Perhaps not surprisingly, having realized they've largely squandered the past year, some members of the Assembly have proposed keeping the Sullivan Arena as a shelter while they research other options. If that feels a little like the Legislature's years-long inability to develop a long-term budget solution, it should: Both are born of the same inertia, the sense that even if it isn't ideal, the status quo is working well enough and the hard decisions can be made later. And both have real costs to Alaskans who ultimately bear the cost, in spent savings and wasted resources. The Assembly created this problem when, under the leadership of Chair Felix Rivera and now Suzanne LaFrance, it did nothing to try to solve a problem it knew was coming as shelter options fell through. That's the height of irresponsible governance.

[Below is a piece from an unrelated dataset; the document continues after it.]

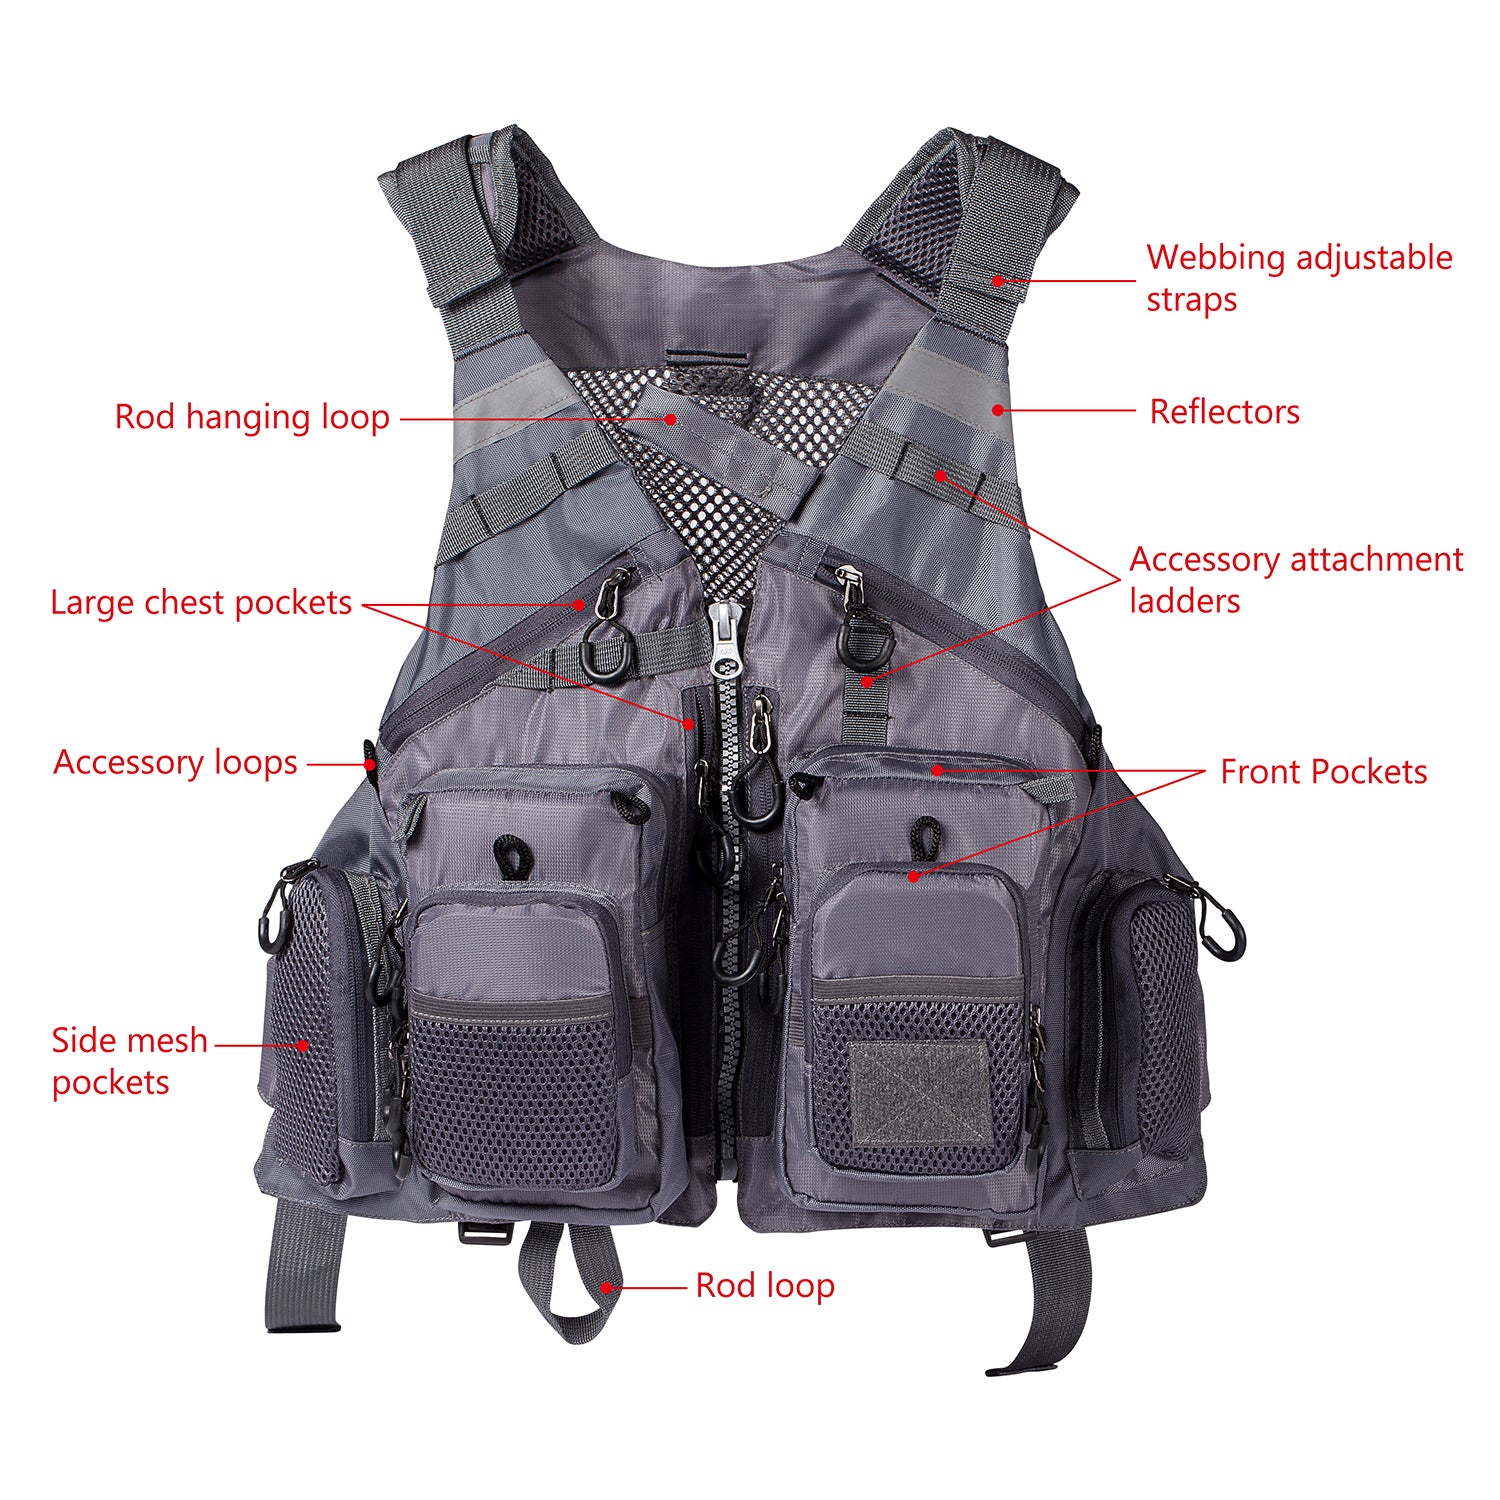 Bassdash Strap Fishing Vest Adjustable for Men and Women for Fly Bass Fishing and Outdoor Activities, Grey, One Size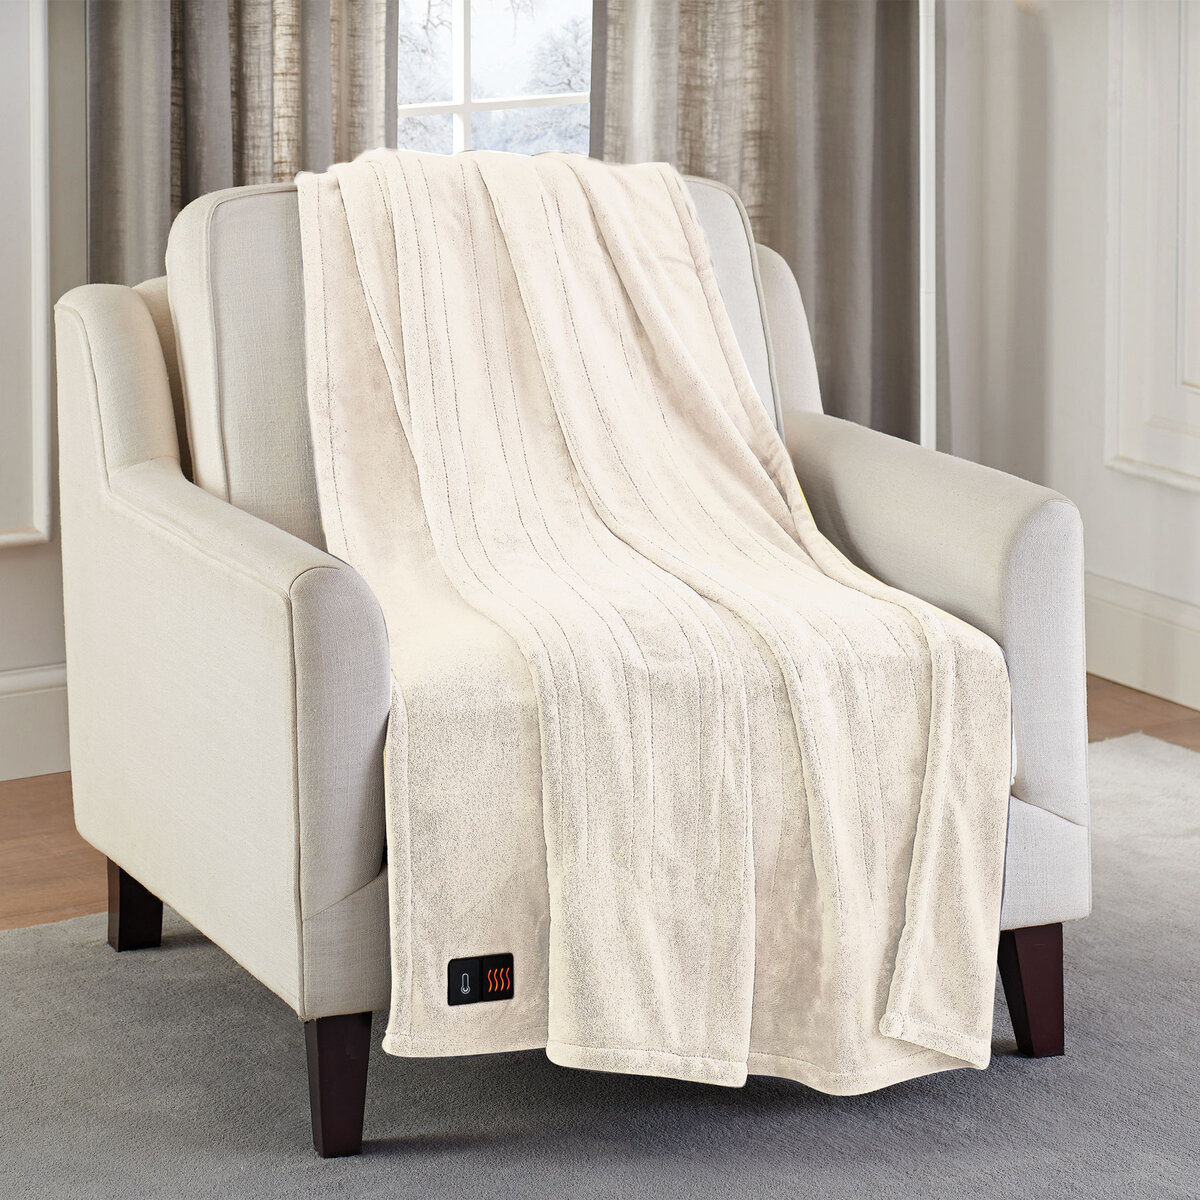 Brookstone Heated Throw in 3 Colours, 127 x 152 cm

The Bronson plan's flaws were evident, but it was at least a starting point for discussion — or could have been. Whether members agreed or disagreed with aspects of the proposal, it was the most clear-eyed attempt to solve homelessness that Anchorage has seen in decades. If there were aspects members disagreed with, they should have done so by putting it on the table for a discussion. That's how compromises are made. A glimpse of that discussion was evident in an amendment offered by Assembly members Meg Zaletel and Forrest Dunbar, which would have scaled back Bronson's mass shelter and tied it to the Alaska Club purchase. But the chance to debate that proposal died, too, thanks to the Assembly's decision to kill the measure outright. Based on recent events, residents are right to assume that the Assembly is not interested in fully confronting this problem.

The Sullivan Arena has been in operation as a mass shelter for nearly a year and a half, and in a matter of weeks, funding for its continued operation is set to run out. Inaction — the course that the Assembly has charted for more than a year — is no longer an option. Continuing with the Sullivan as a mass shelter despite its obvious shortcomings and significant expense is similarly irresponsible. After kicking the can down the road, the Assembly no longer has the luxury of waiting for plans to be offered up, only to swat them down without a public hearing. Assembly chair Suzanne LaFrance put out a statement Wednesday reassuring the public that the group and the mayor's administration are working on a compromise solution. That solution needs to be worked out transparently and urgently, because Sept. 30 is fast approaching — and so is winter, when the consequences of not having an adequate shelter solution will become far more severe. We can't afford to play petty politics for another year.